◆ What you should do
Your copy must hold all of the data below, unchanged and without images.

◆ Data below
+-------+
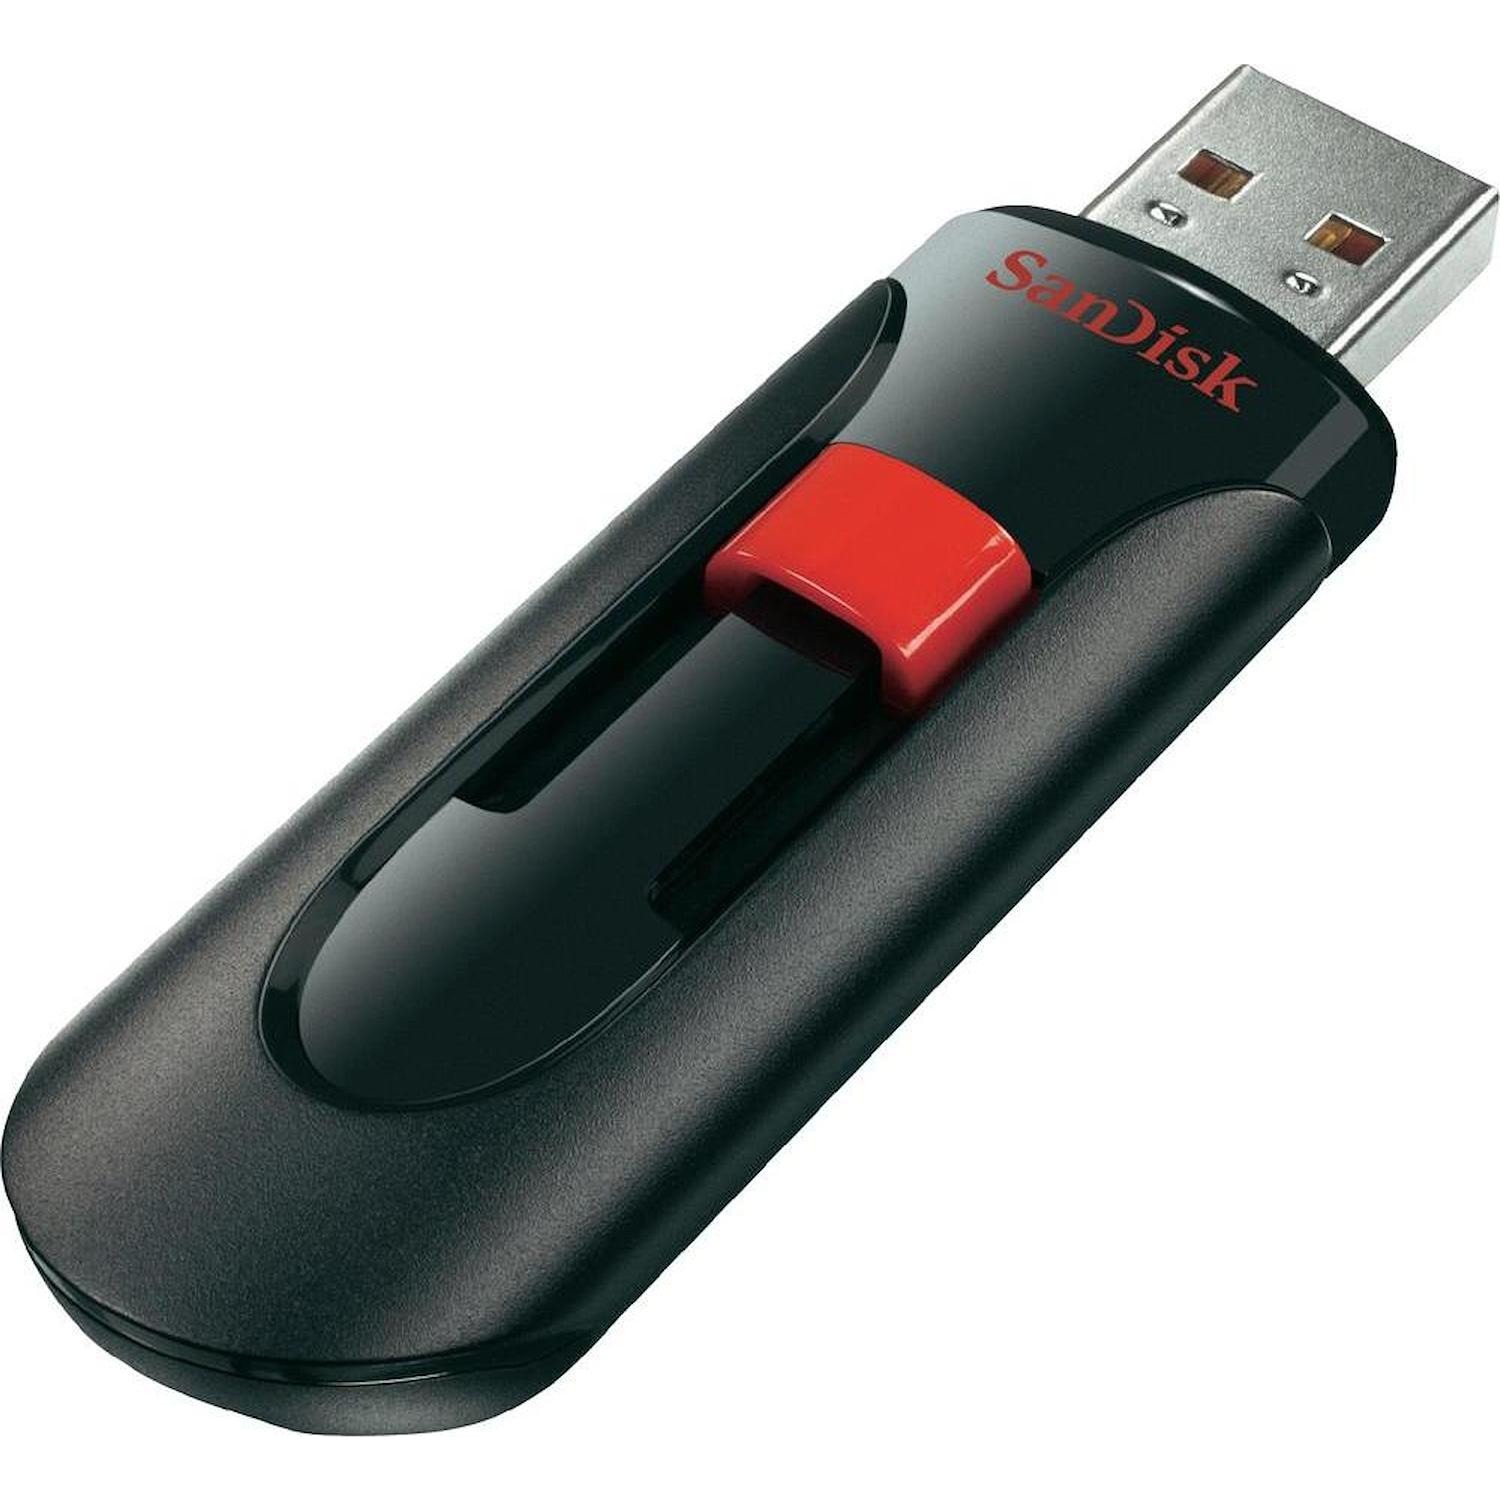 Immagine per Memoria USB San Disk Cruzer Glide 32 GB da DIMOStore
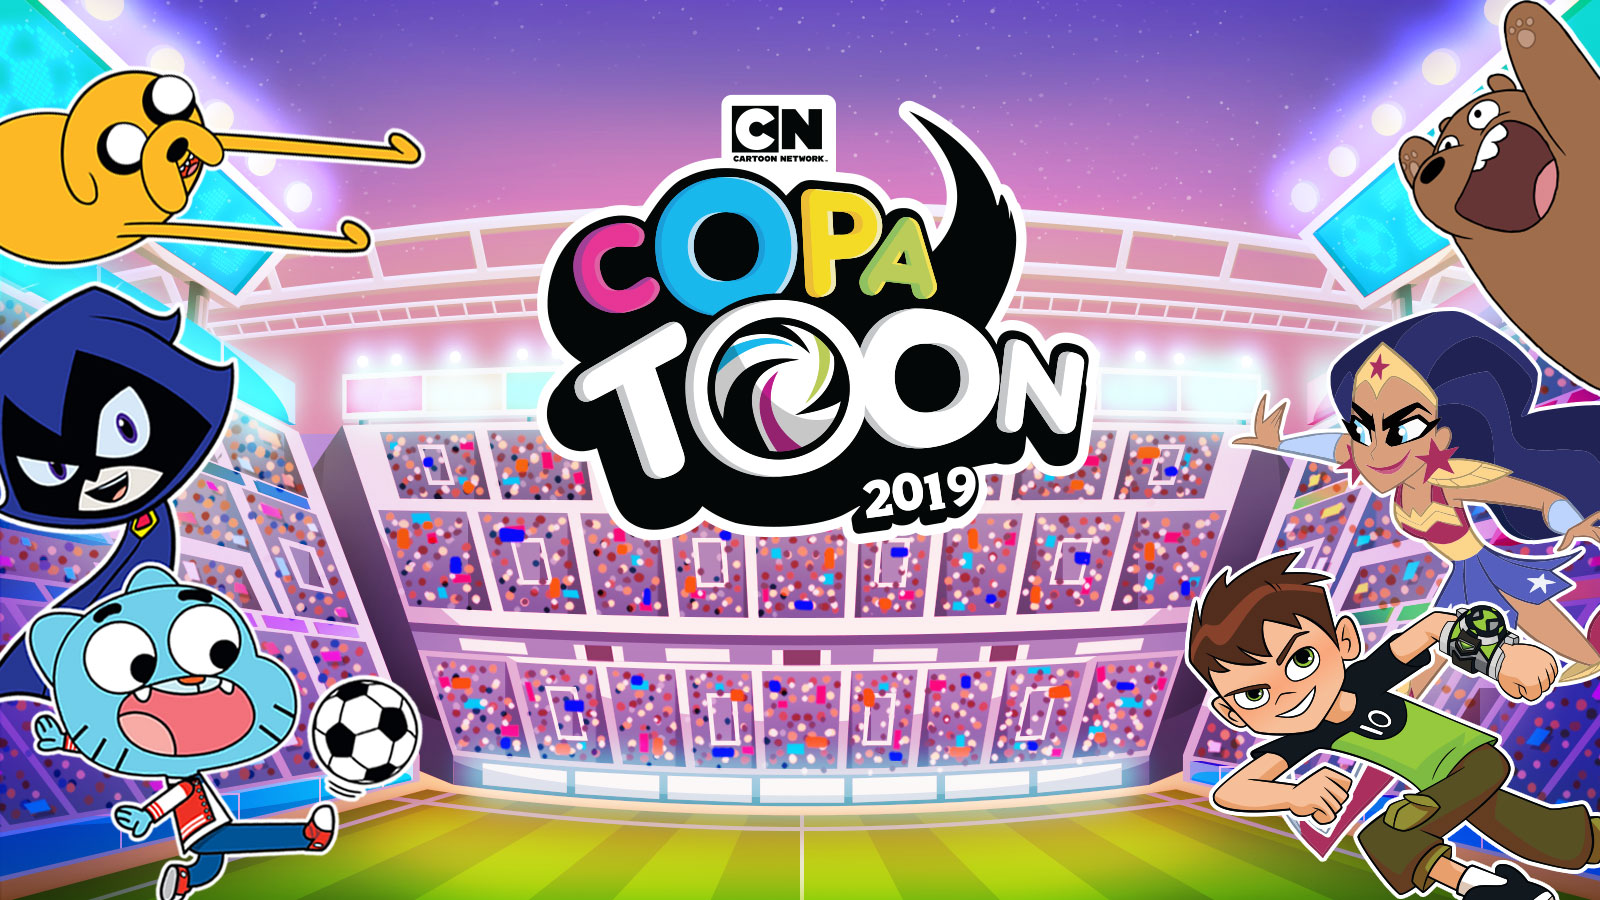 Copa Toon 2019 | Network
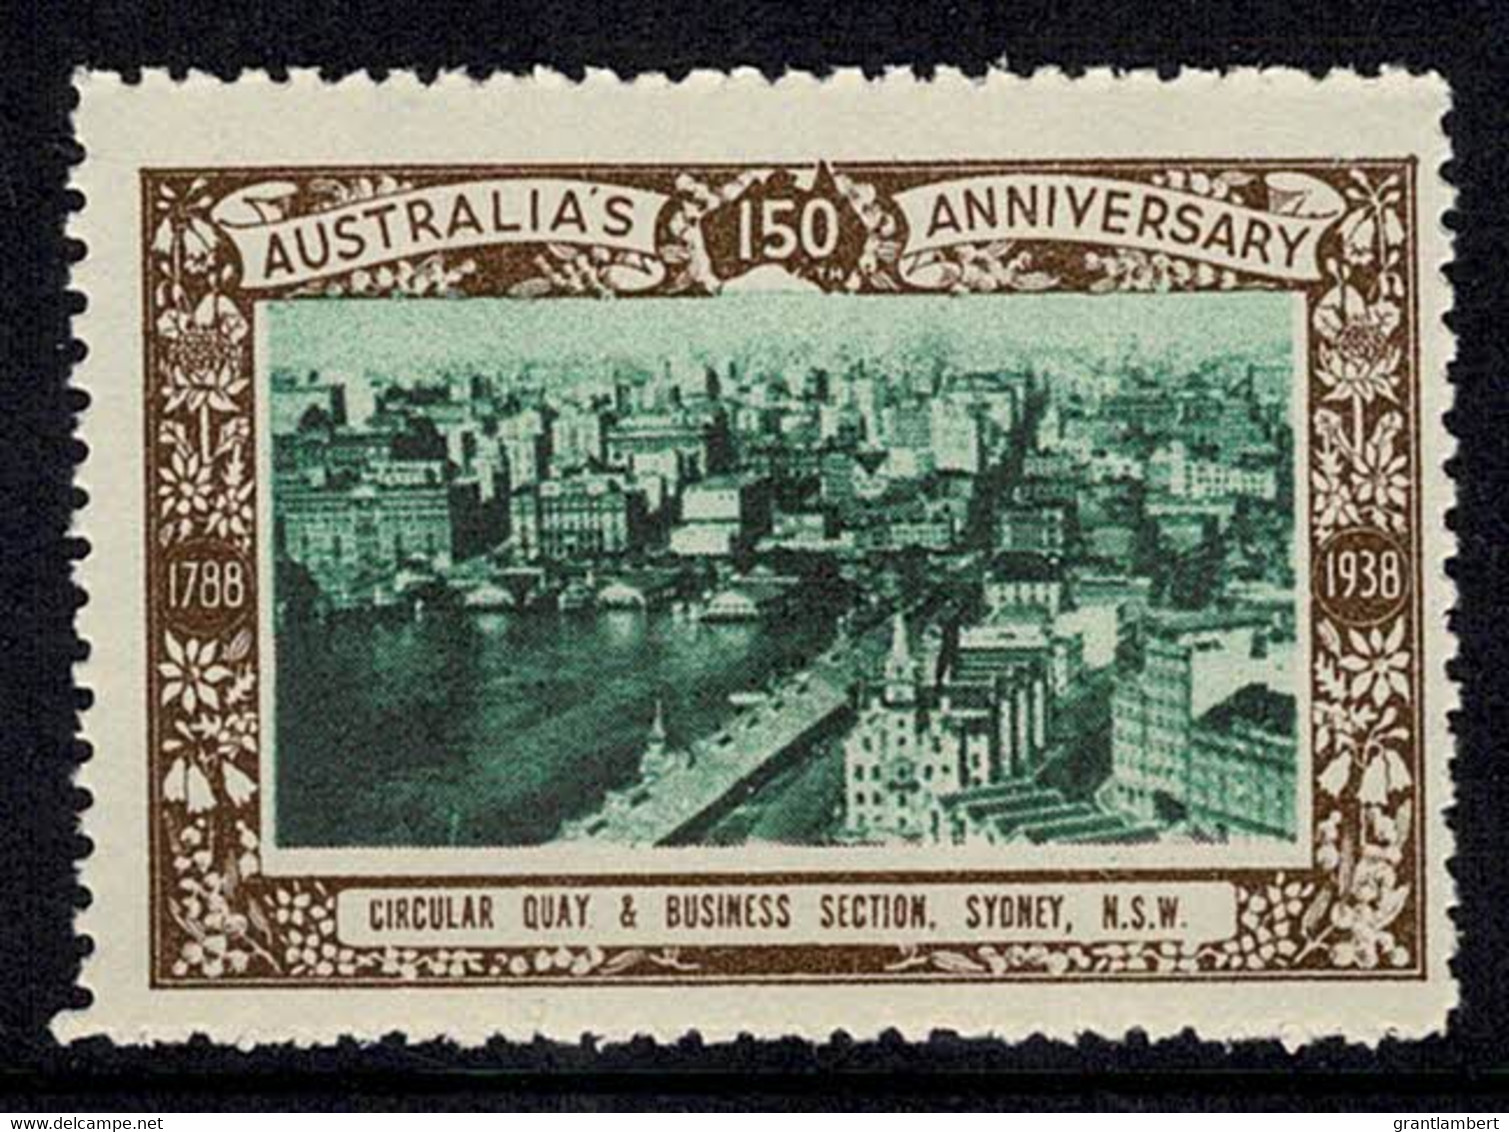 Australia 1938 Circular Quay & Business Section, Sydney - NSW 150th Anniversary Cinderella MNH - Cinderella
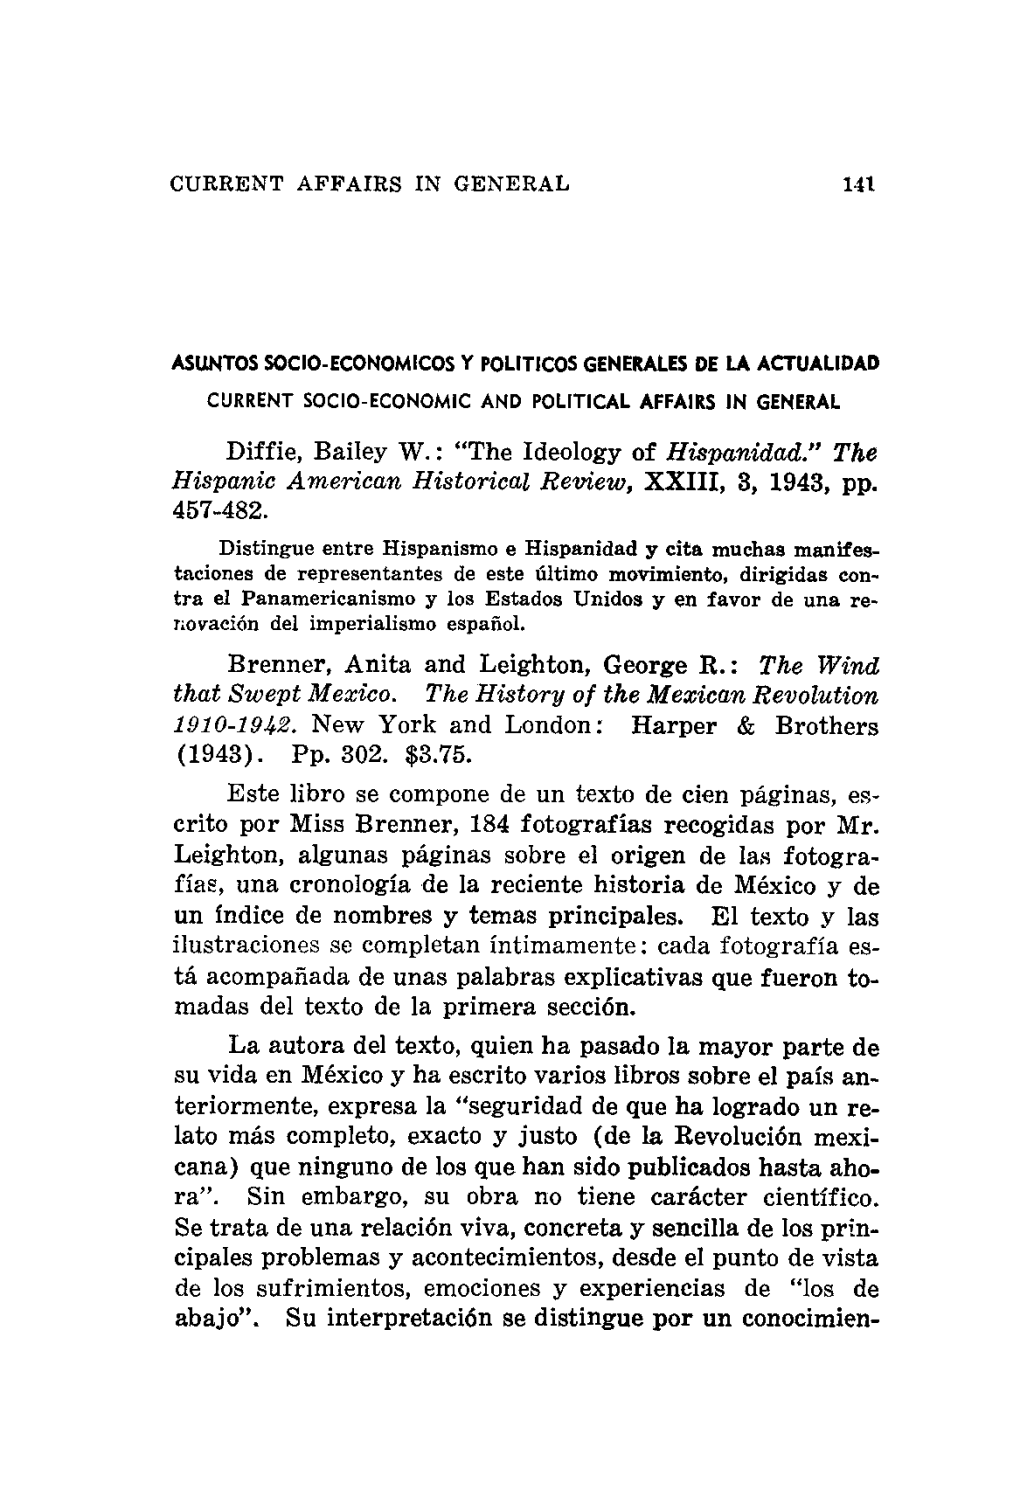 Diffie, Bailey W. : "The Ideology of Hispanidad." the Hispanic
+-------+
◆ The answer
 Immagine per Memoria USB San Disk Cruzer Glide 32 GB da DIMOStore
 Copa Toon 2019 | Network
 Australia 1938 Circular Quay & Business Section, Sydney - NSW 150th Anniversary Cinderella MNH - Cinderella
 Diffie, Bailey W. : "The Ideology of Hispanidad." the Hispanic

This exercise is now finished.